Whenever sweeping takes place, the JVM has to make sure the areas filled with unreachable objects can be reused. This can (and eventually will) lead to memory fragmentation which, similarly to disk fragmentation, leads to two problems:

  • Write operations become more time-consuming as finding the next free block of sufficient size is no longer a trivial operation.
  • When creating new objects, JVM is allocating memory in contiguous blocks. So if fragmentation escalates to a point where no individual free fragment is large enough to accommodate the newly created object, an allocation error occurs.

To avoid such problems, the JVM is making sure the fragmenting does not get out of hand. So instead of just marking and sweeping, a ‘memory defrag’ process also happens during garbage collection. This process relocates all the reachable objects next to each other, eliminating (or reducing) the fragmentation. Here is an illustration of that:

java memory fragmentation

Generational Hypothesis

As we have mentioned before, doing a garbage collection entails stopping the application completely. It is also quite obvious that the more objects there are the longer it takes to collect all the garbage. But what if we would have a possibility to work with smaller memory regions? Investigating the possibilities, a group of researchers has observed that most allocations inside applications fall into two categories:

  • Most of the objects become unused quickly
  • The ones that do not usually survive for a (very) long time

These observations come together in the Weak Generational Hypothesis. Based on this hypothesis, the memory inside the VM is divided into what is called the Young Generation and the Old Generation. The latter is sometimes also called Tenured.

object age in java

Having such separate and individually cleanable areas allows for a multitude of different algorithms that have come a long way in improving the performance of the GC.

This is not to say there are no issues with such an approach. For one, objects from different generations may in fact have references to each other that also count as ‘de facto’ GC roots when collecting a generation.

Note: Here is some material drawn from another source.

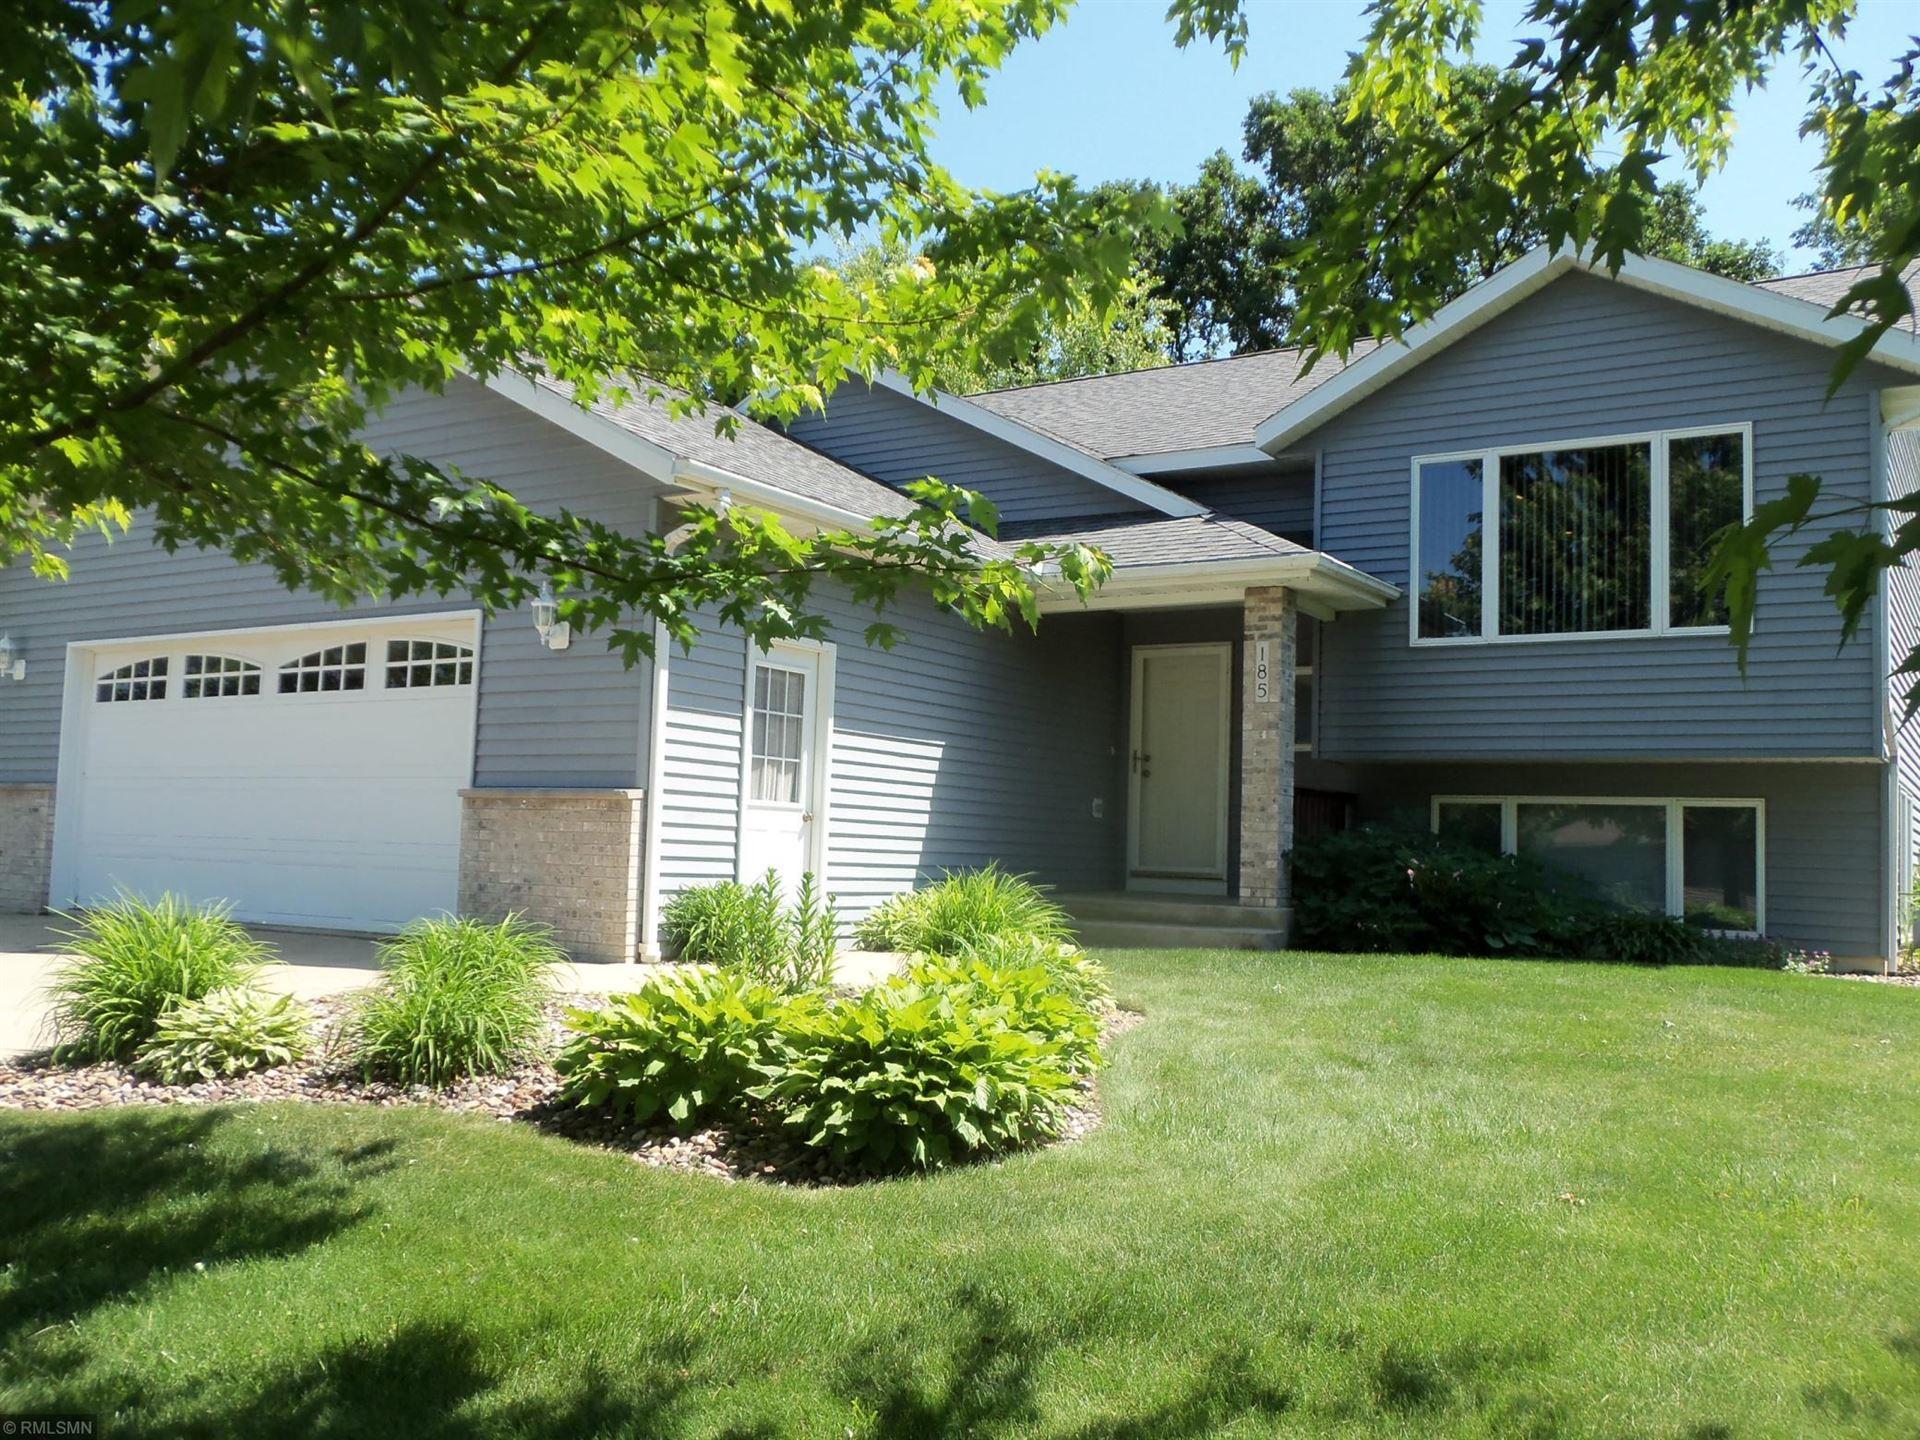 185 Pearson Drive, Saint Charles, MN 55972 - MLS#: 5614874

But most importantly, the generational hypothesis may in fact not hold for some applications. Since the GC algorithms are optimized for objects which either ‘die young’ or ‘are likely to live forever’, the JVM behaves rather poorly with objects with ‘medium’ life expectancy.

Memory Pools

The following division of memory pools within the heap should be familiar. What is not so commonly understood is how Garbage Collection performs its duties within the different memory pools. Notice that in different GC algorithms some implementation details might vary but, again, the concepts in this chapter remain effectively the same.

memory pools inside heap consisting of eden, survivor and old spaces

Eden

Eden is the region in memory where the objects are typically allocated when they are created. As there are typically multiple threads creating a lot of objects simultaneously, Eden is further divided into one or more Thread Local Allocation Buffer (TLAB for short) residing in the Eden space. These buffers allow the JVM to allocate most objects within one thread directly in the corresponding TLAB, avoiding the expensive synchronization with other threads.

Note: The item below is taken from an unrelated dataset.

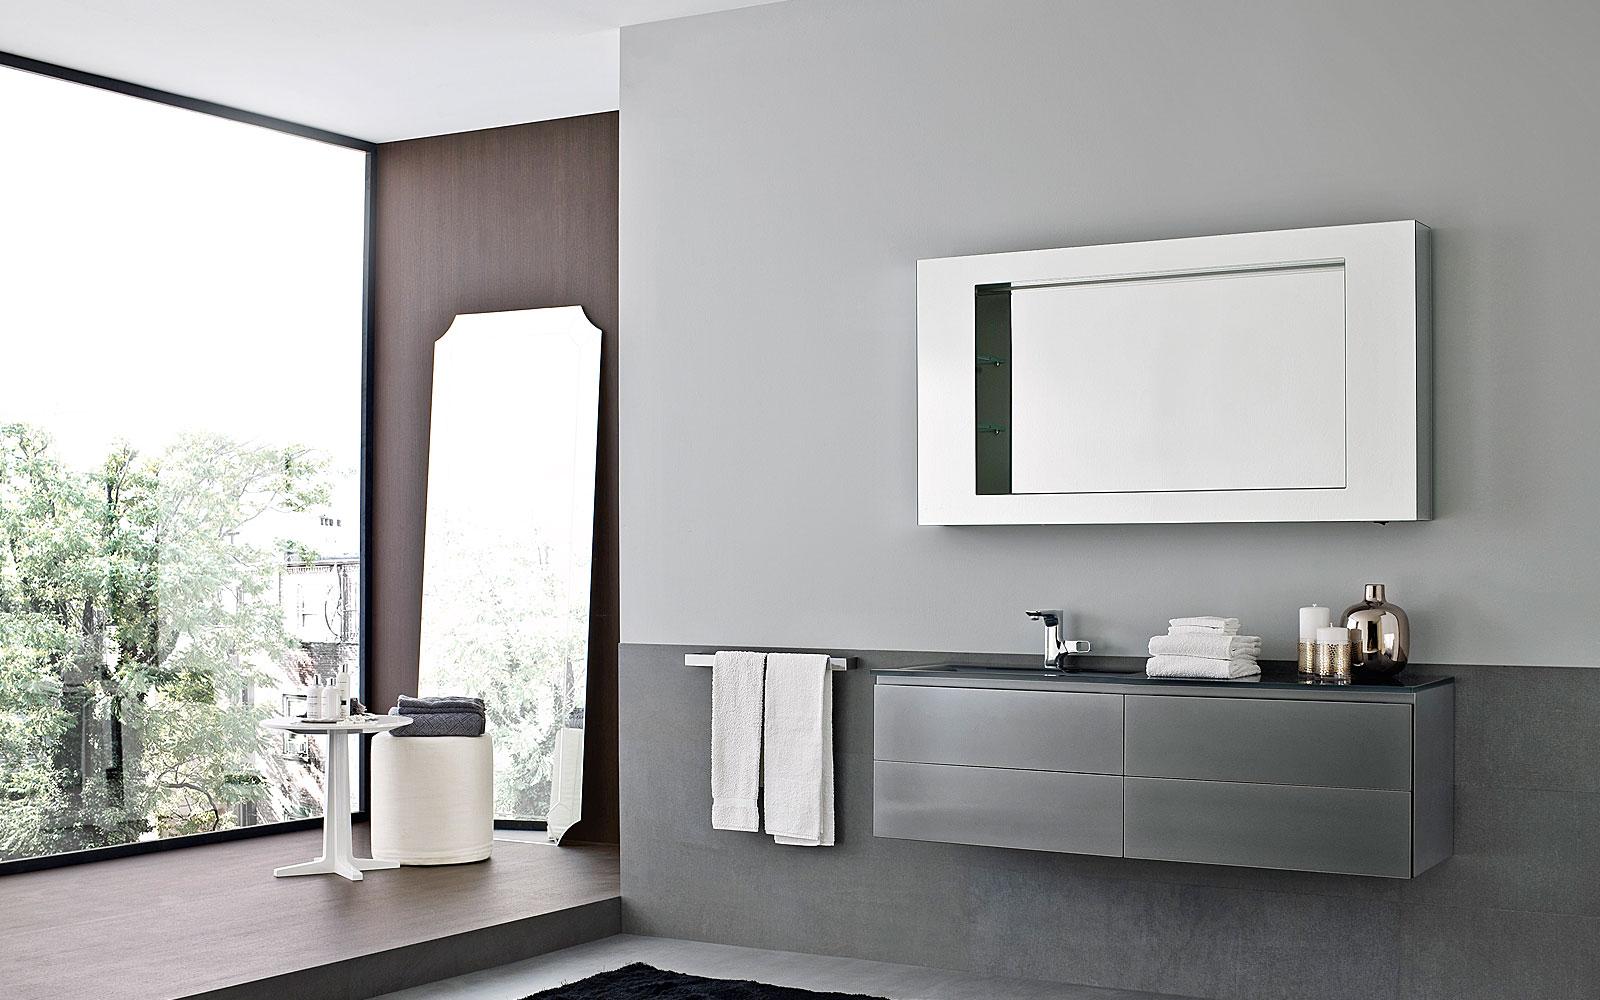 wohnraum gestaltung nutzen sie ihren wohnraum so dass er. Black Bedroom Furniture Sets. Home Design Ideas

When allocation inside a TLAB is not possible (typically because there’s not enough room there), the allocation moves on to a shared Eden space. If there’s not enough room in there either, a garbage collection process in Young Generation is triggered to free up more space. If the garbage collection also does not result in sufficient free memory inside Eden, then the object is allocated in the Old Generation.

When Eden is being collected, GC walks all the reachable objects from the roots and marks them as alive.

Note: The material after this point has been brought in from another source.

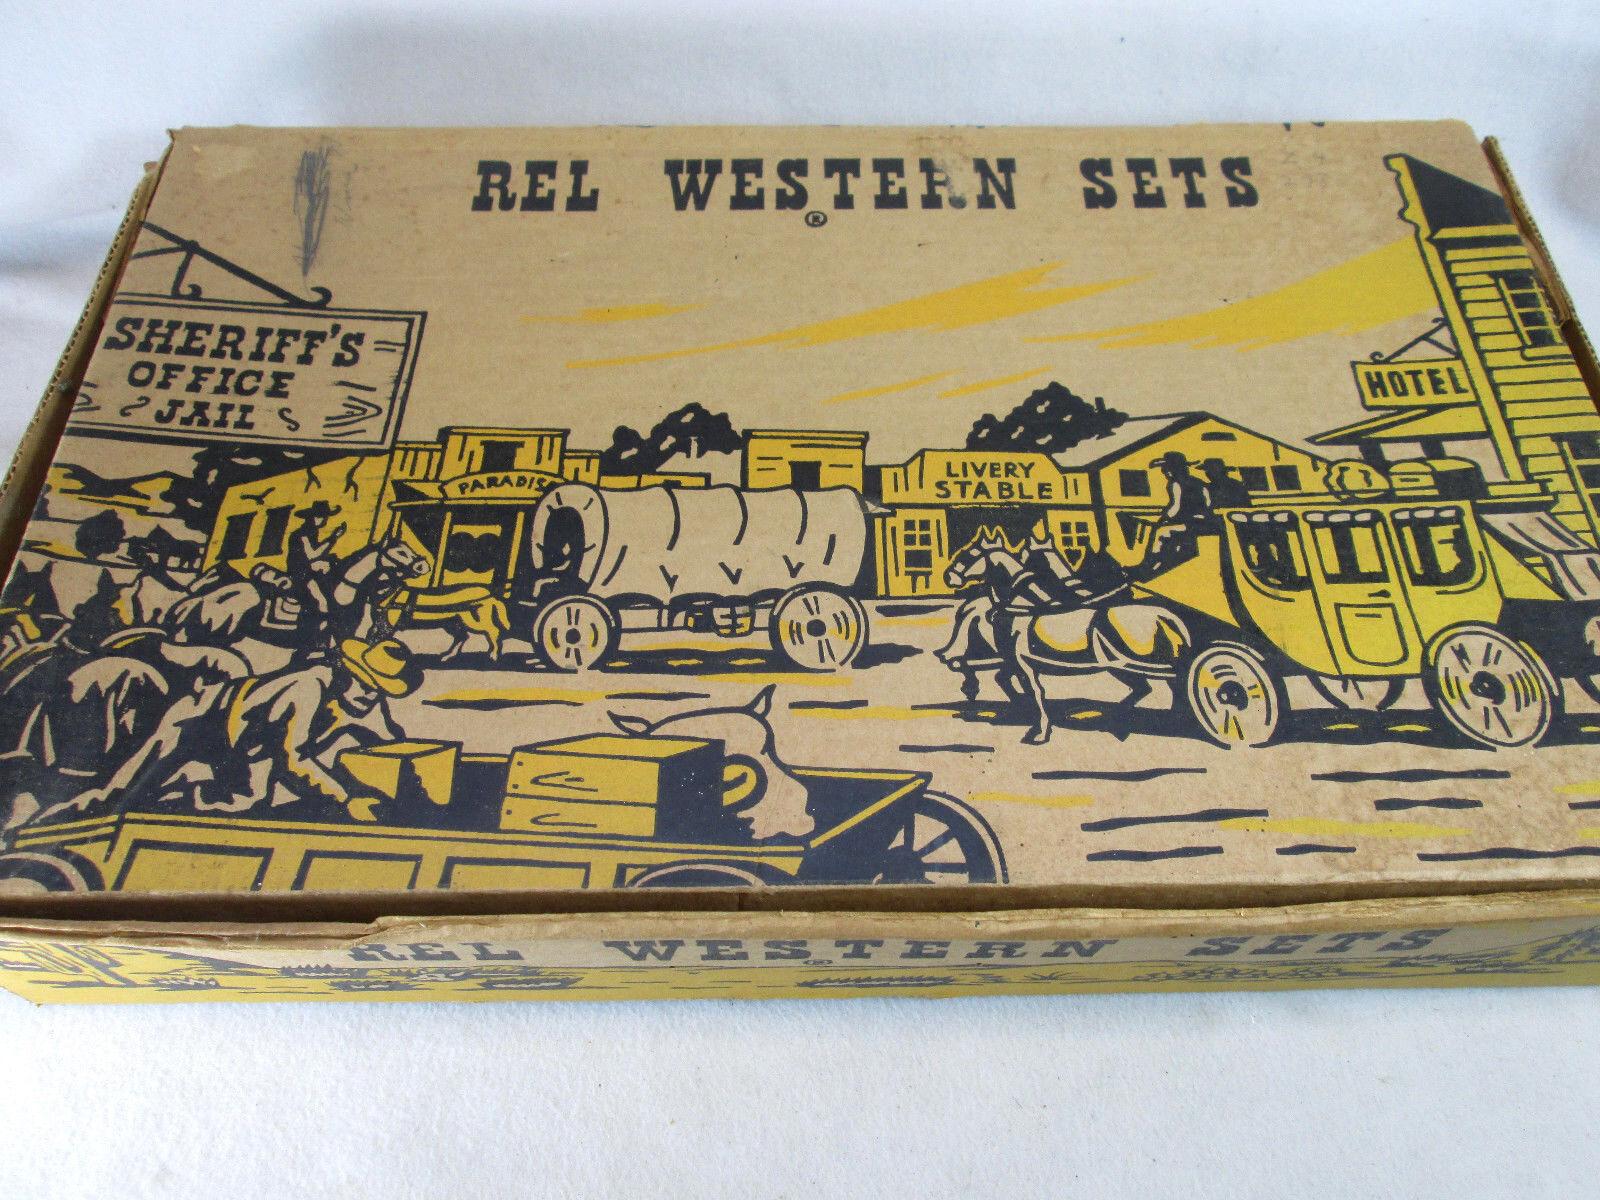 Vintage década de 1950 Rel Western Juego Plástico Caballos vagones & Vaqueros

We have previously noted that objects can have cross-generational links so a straightforward approach would have to check all the references from other generations to Eden. Doing so would unfortunately defeat the whole point of having generations in the first place. The JVM has a trick up its sleeve: card-marking. Essentially, the JVM just marks the rough location of ‘dirty’ objects in Eden that may have links to them from the Old Generation. You can read more on that in Nitsan’s blog entry.

TLAB used in Eden

After the marking phase is completed, all the live objects in Eden are copied to one of the Survivor spaces. The whole Eden is now considered to be empty and can be reused to allocate more objects. Such an approach is called “Mark and Copy”: the live objects are marked, and then copied (not moved) to a survivor space.

Survivor Spaces

Next to the Eden space reside two Survivor spaces called from and to. It is important to notice that one of the two Survivor spaces is always empty.

The empty Survivor space will start having residents next time the Young generation gets collected. All of the live objects from the whole of the Young generation (that includes both the Eden space and the non-empty ‘from’ Survivor space) are copied to the ‘to’ survivor space. After this process has completed, ‘to’ now contains objects and ‘from’ does not. Their roles are switched at this time.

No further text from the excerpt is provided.